Twórcy ludowi z województwa opolskiego podpisali w niedzielę wniosek o wpisanie kroszonki, czyli zabarwionego jednolicie jajka, na którym wyryte są symetryczne wzory, na listę niematerialnego dziedzictwa kulturowego.
O wniosku dotyczącym wpisania kroszonki na listę niematerialnego dziedzictwa kulturowego poinformowano na konferencji prasowej w Muzeum Wsi Opolskiej, gdzie w niedzielę odbywał się tradycyjny jarmark wielkanocny. Jego główną atrakcją od lat są kroszonki - jajka z wydrapanymi na nich ostrym narzędziem bogatymi wzorami.
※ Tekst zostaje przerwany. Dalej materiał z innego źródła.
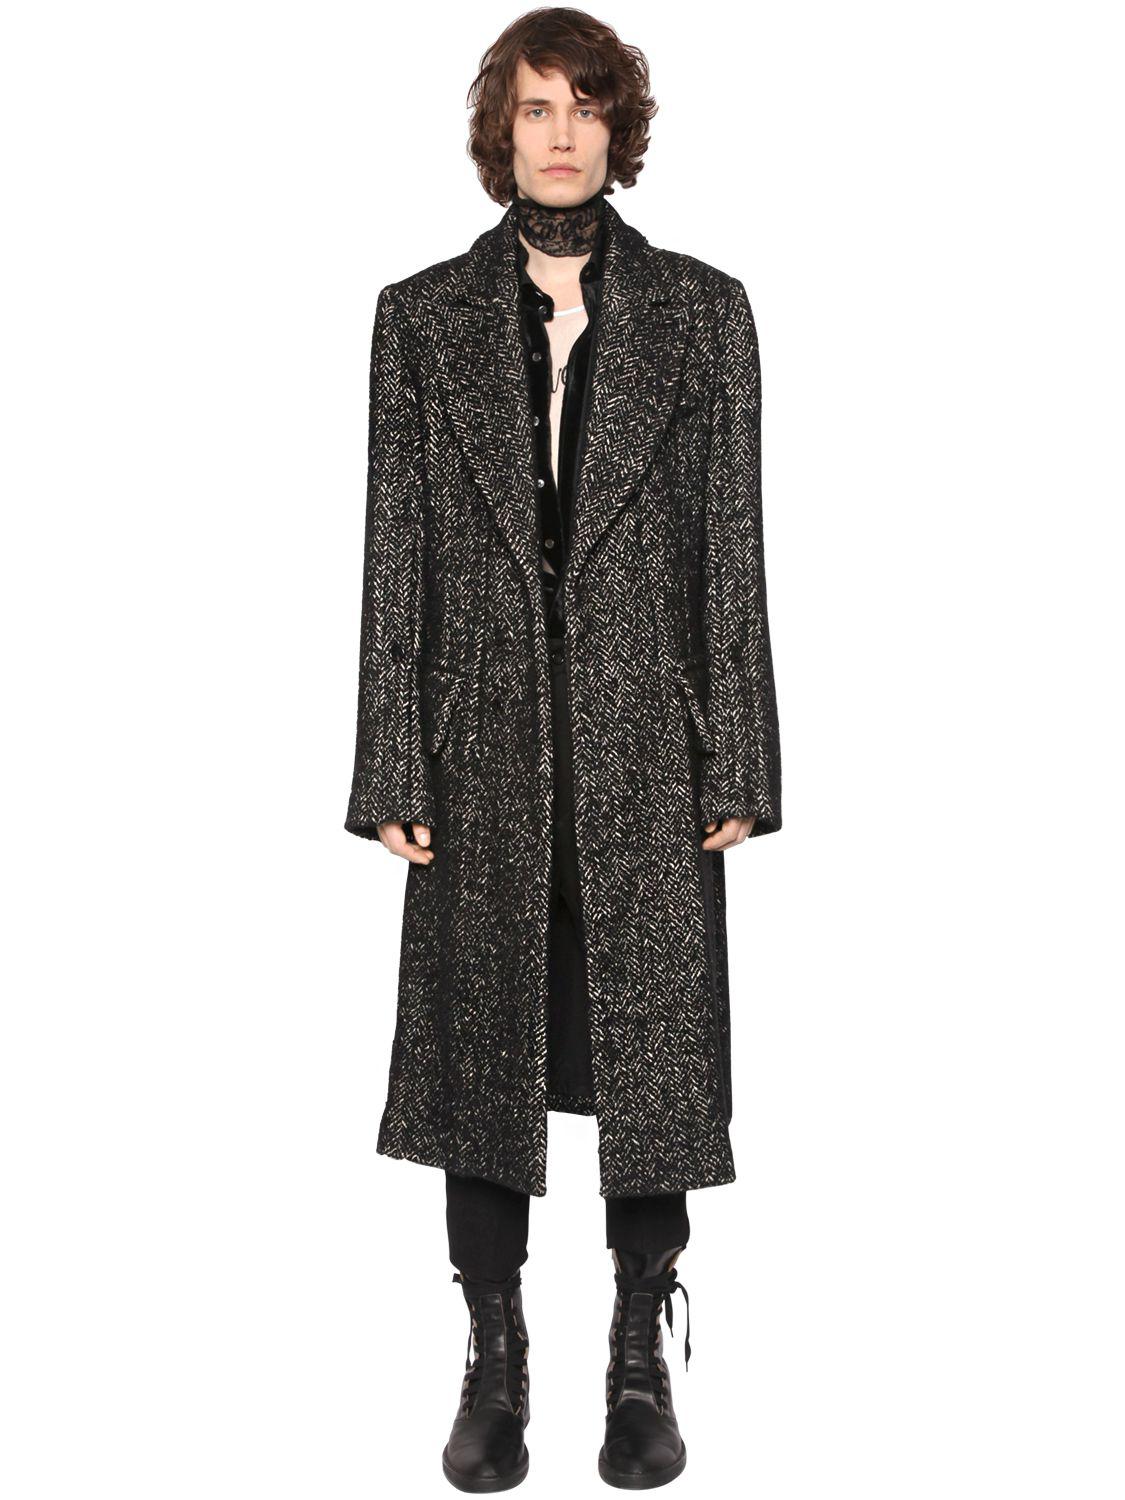 Ann Demeulemeester Oversized Long Wool Tweed Coat in Black for Men - Lyst

Jak powiedział dyrektor muzeum Jarosław Gałęza, pierwsze ślady obrzędowego zdobienia jajek na Górnym Śląsku pochodzą z X wieku. Zwyczaj robienia kroszonek, czyli rycia misternych wzorów na zabarwionym jajku, jest odnotowywany w źródłach z XIX wieku. Od 1991 roku muzeum prowadzi konkurs dla artystów zajmujących się zdobieniem jaj wielkanocnych. Dzięki kolejnym edycjom placówka posiada kolekcję liczącą ponad trzy tysiące eksponatów.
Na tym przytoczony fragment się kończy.